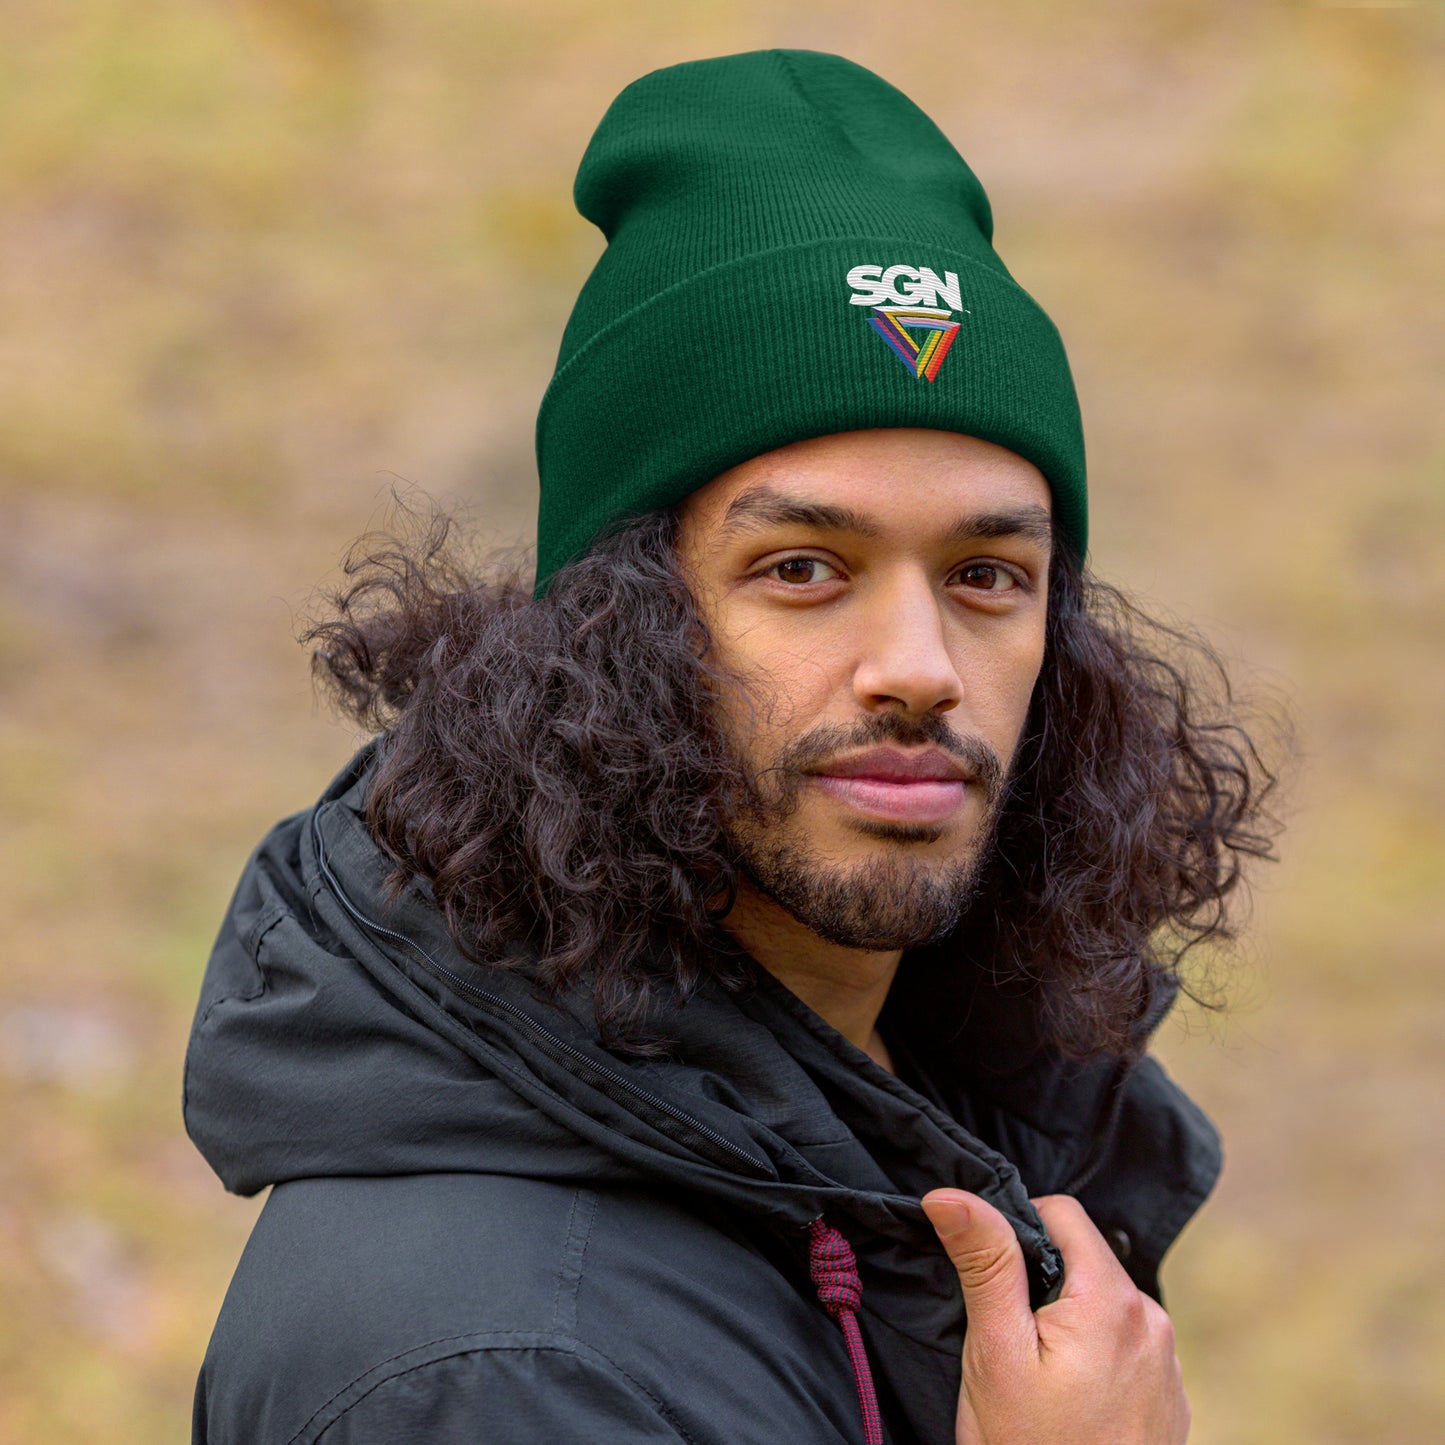 Cuffed SGN Full Color Logo Beanie, Seattle Gay News Knit Hat
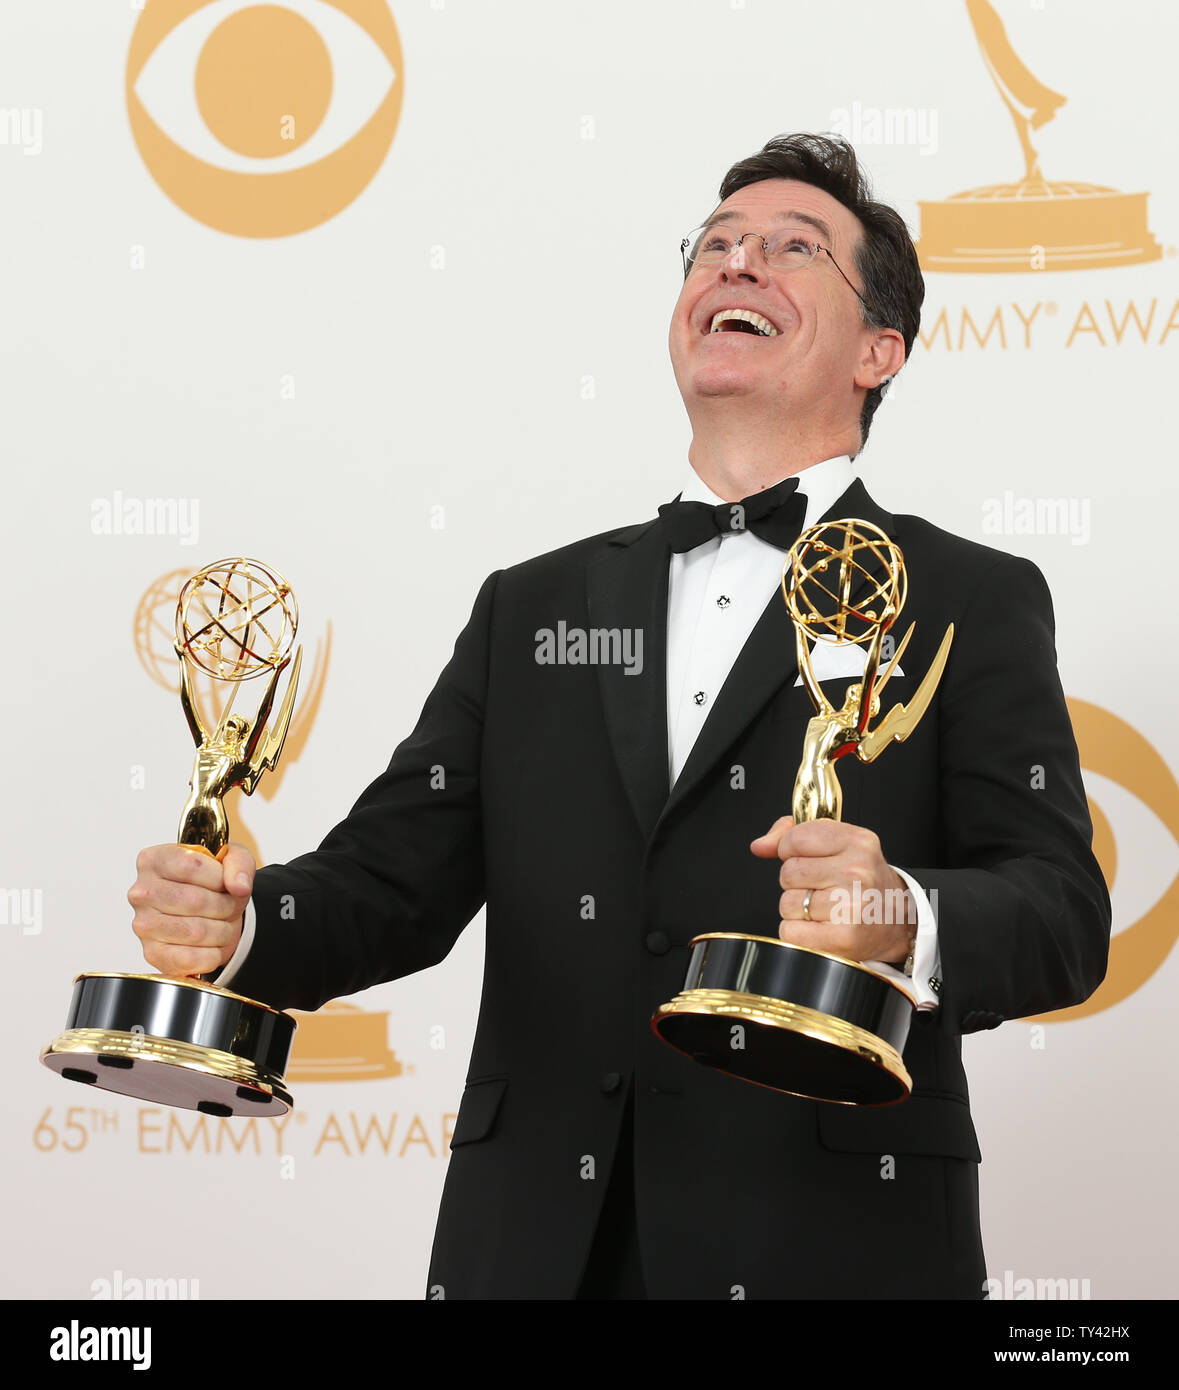 Writer Stephen Colbert holds the award he won for  'Outstanding Writing for a Variety Series - .The Colbert Report' at the 65th Primetime Emmy Awards at Nokia Theatre in Los Angeles on September 22, 2013.   UPI/Danny Moloshok Stock Photo
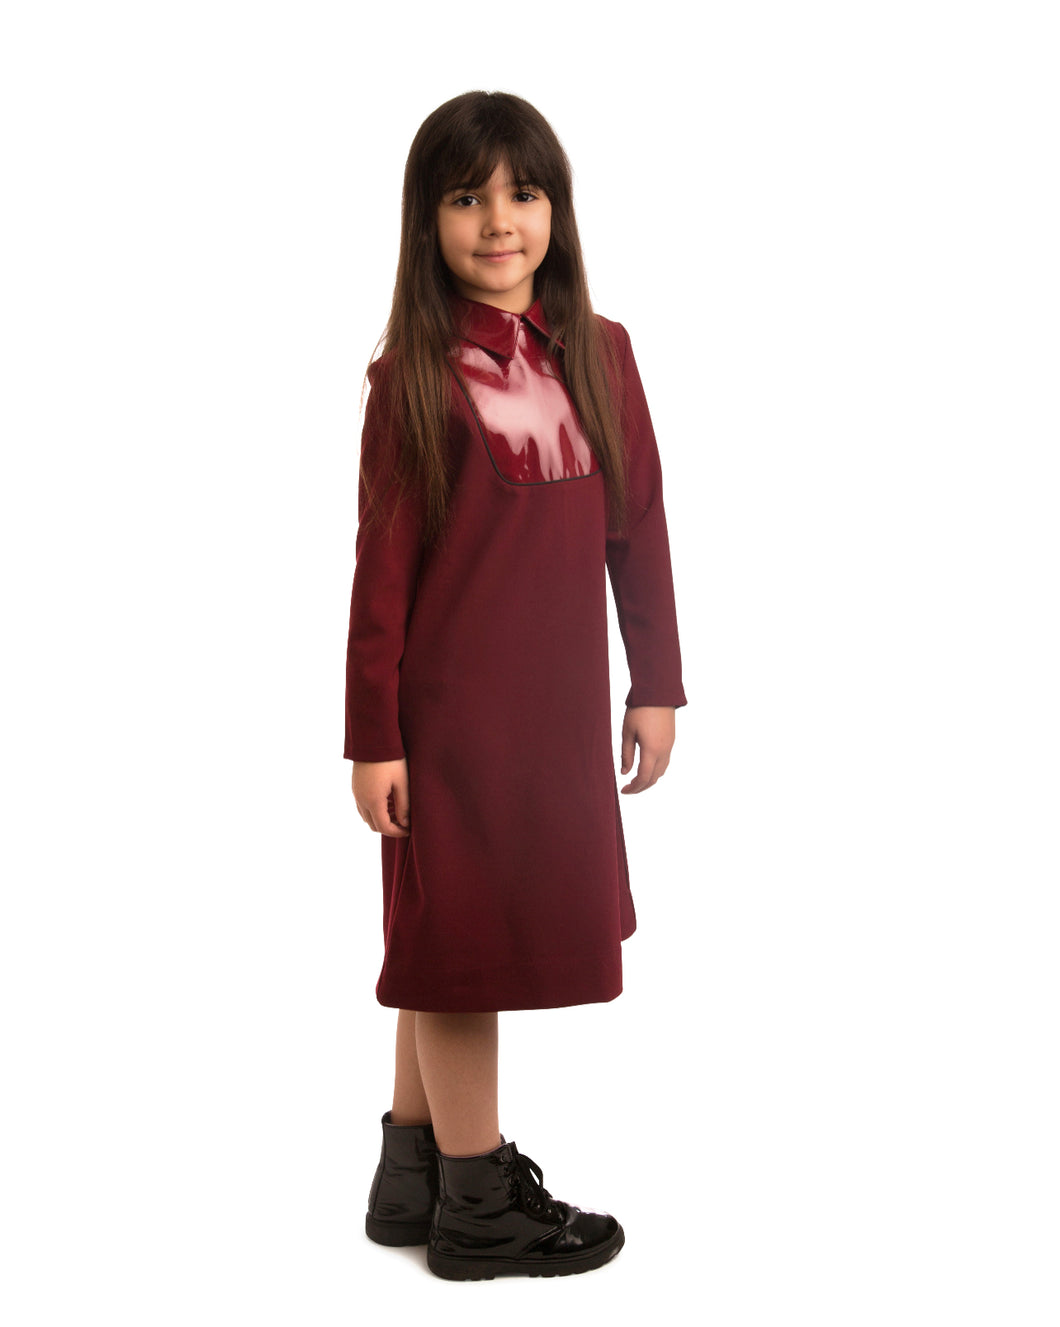 Maroon Collared Dress SNK3230A
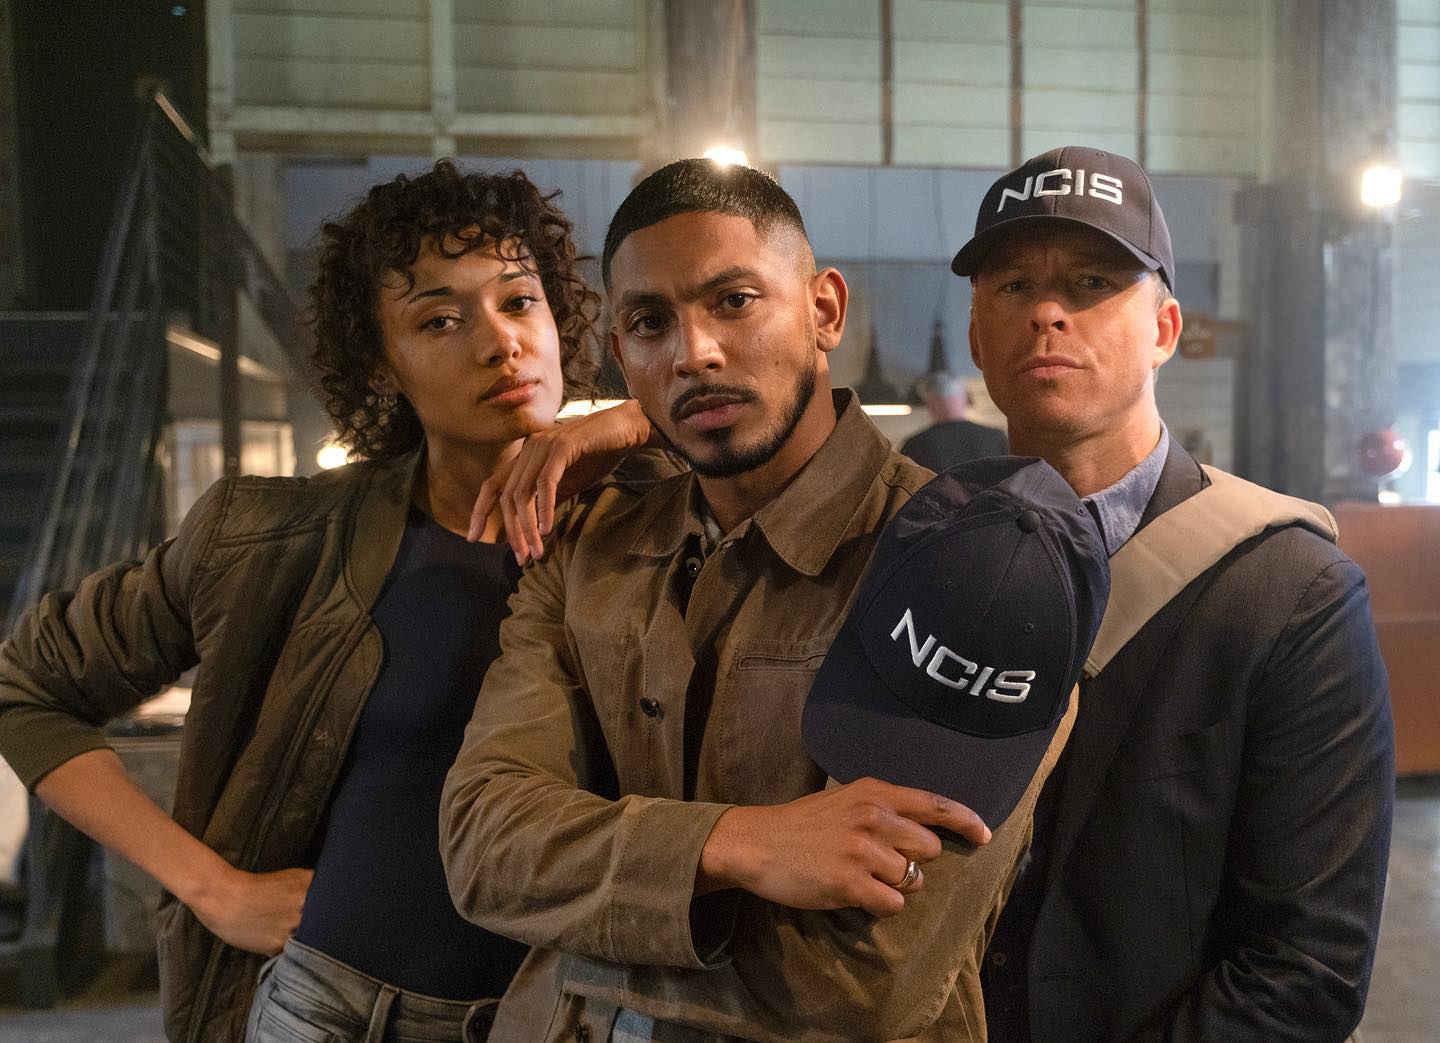 The Jordan character was recast due to scheduling conflicts after Sean landed a lead role in the fifth installment of the NCIS franchise, NCIS: Sydney

> [Exercise requirements]:
All of the material above is to be retyped exactly, with no pictures included.

> [Response below]:
 Cuffed SGN Full Color Logo Beanie, Seattle Gay News Knit Hat
 Writer Stephen Colbert holds the award he won for  'Outstanding Writing for a Variety Series - .The Colbert Report' at the 65th Primetime Emmy Awards at Nokia Theatre in Los Angeles on September 22, 2013.   UPI/Danny Moloshok Stock Photo
 Maroon Collared Dress SNK3230A
 The Jordan character was recast due to scheduling conflicts after Sean landed a lead role in the fifth installment of the NCIS franchise, NCIS: Sydney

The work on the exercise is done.